Re: Care of the Elderly
Reply #13 - October 14, 2011, 01:53 PM
Hassan, IMHO, when the time comes that a family can no longer
take care of the elder, and they need more help than the family
or person can provide, I dont see any problem getting them the
professional care they need.
One thing thats hard though. The elder will protest, just one more
thing that deprives them of independence, and its a hard choice when
the elder objects. For them, they know that its one step closer to the
grave, and they can really throw some fits or temper tantrums around
the idea. In my case, my dad felt we were abandoning him, just getting
rid of a "burden", and less independence. Thats what really upset him.
Like when he lost his driver's license because he was no longer
able to drive safely. Its emotional turmoil and very difficult to get
them to understand why they can no longer drive.
Then theres the guilt of having to have someone else take care of them.
Asked many times if we had done the right thing, but quickly reminded
we were all unable to provide him the daily medical care he needed.

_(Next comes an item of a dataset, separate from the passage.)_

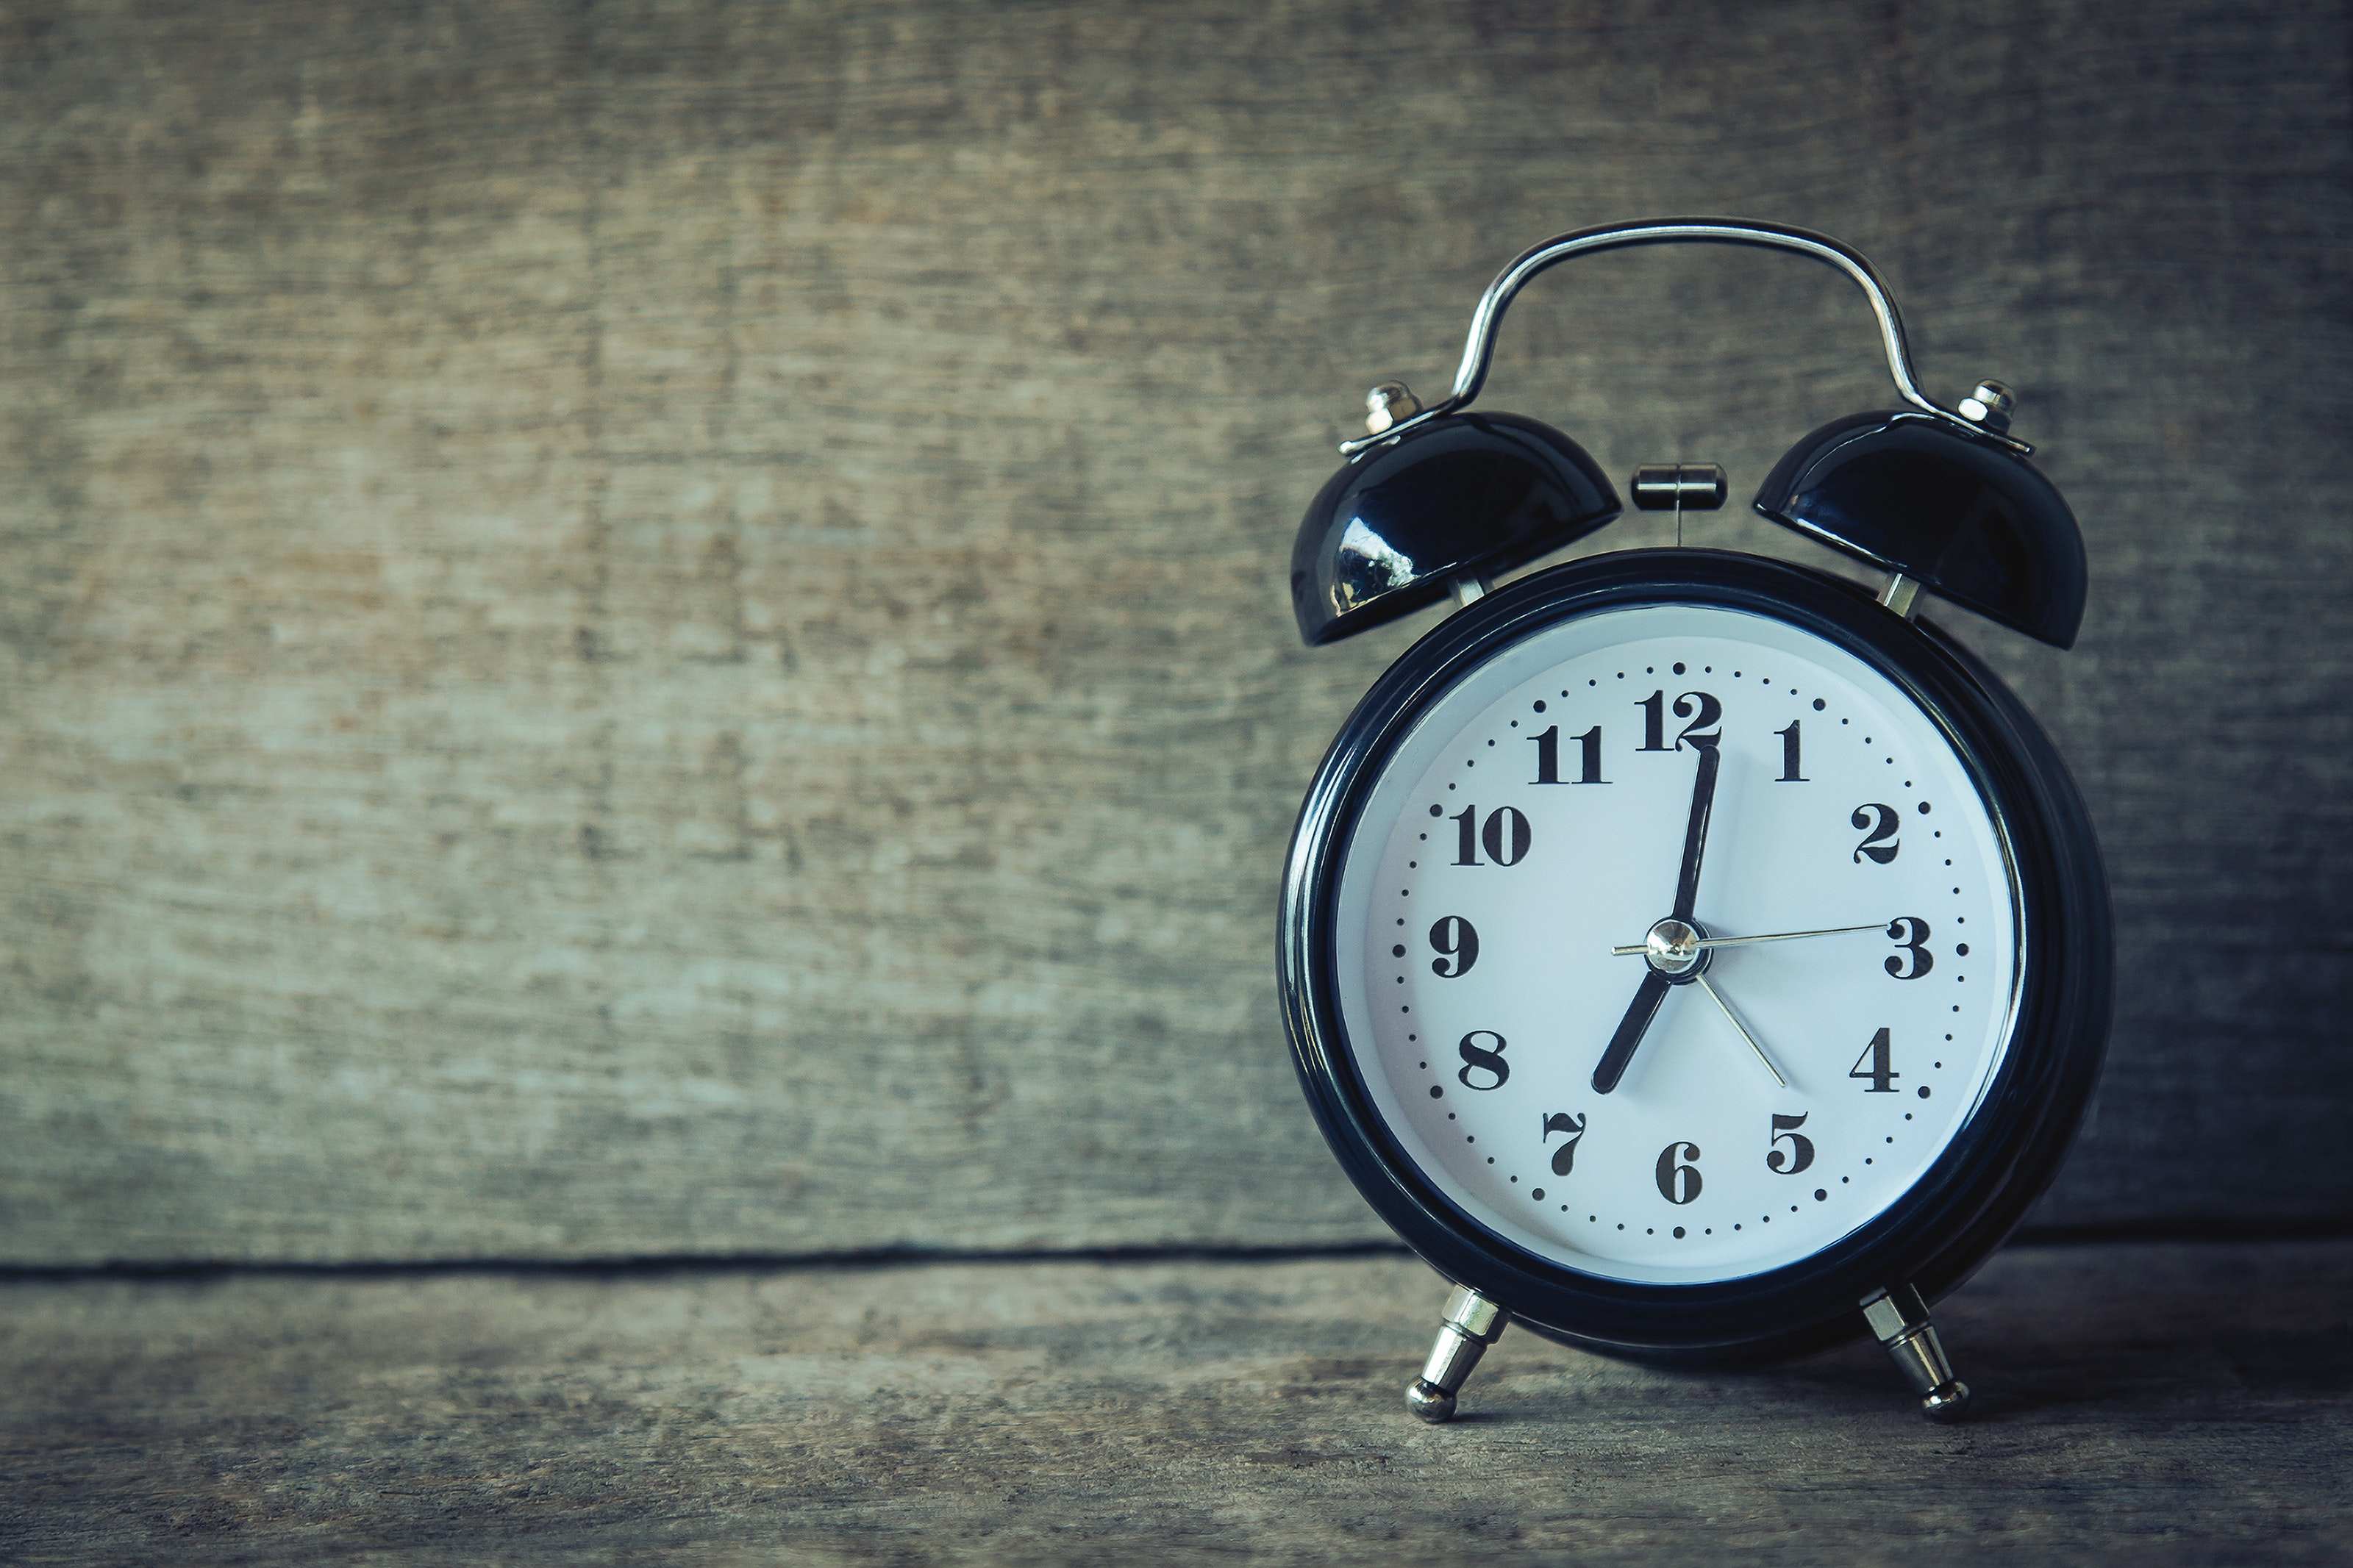 Photograph of a small alarm clock

If one is capable to do things like bathe them, clean and change them,
assist them to and from their bed/room. If they are still able to eat
on their own, or with some assistance, IMO, keep them at home.
My dad got so excited when my sister would bring her kids over.
Being near his grandkids sent his spirits soaring.
There is also the mental challenges. My dad regressed to that of a
five year old in his mind. Threw temper tantrums, would cook him
what he asked for, then say it tasted like crap and would storm off.
Turn childlike and very oppositional defiant. Would go to the garage
in the middle of the night just to sit in his car and then not want to
get out of it. In these cases, I wouldnt send them to the state, but
definitely look for support either from family or care giver support
groups, cuz honestly, I was ready to pull my hair out. I would take
off in my car and just scream as loud as i could, and come back to my
senses that its not his fault he is like this. What do you do when he
locks himself in his room and sob for hours on end? Justified to send
him tot he state? No. But very taxing on the rest of us.
When one door of happiness closes, another opens; but often we look so long at the closed door that we do not see the one which has been opened for us.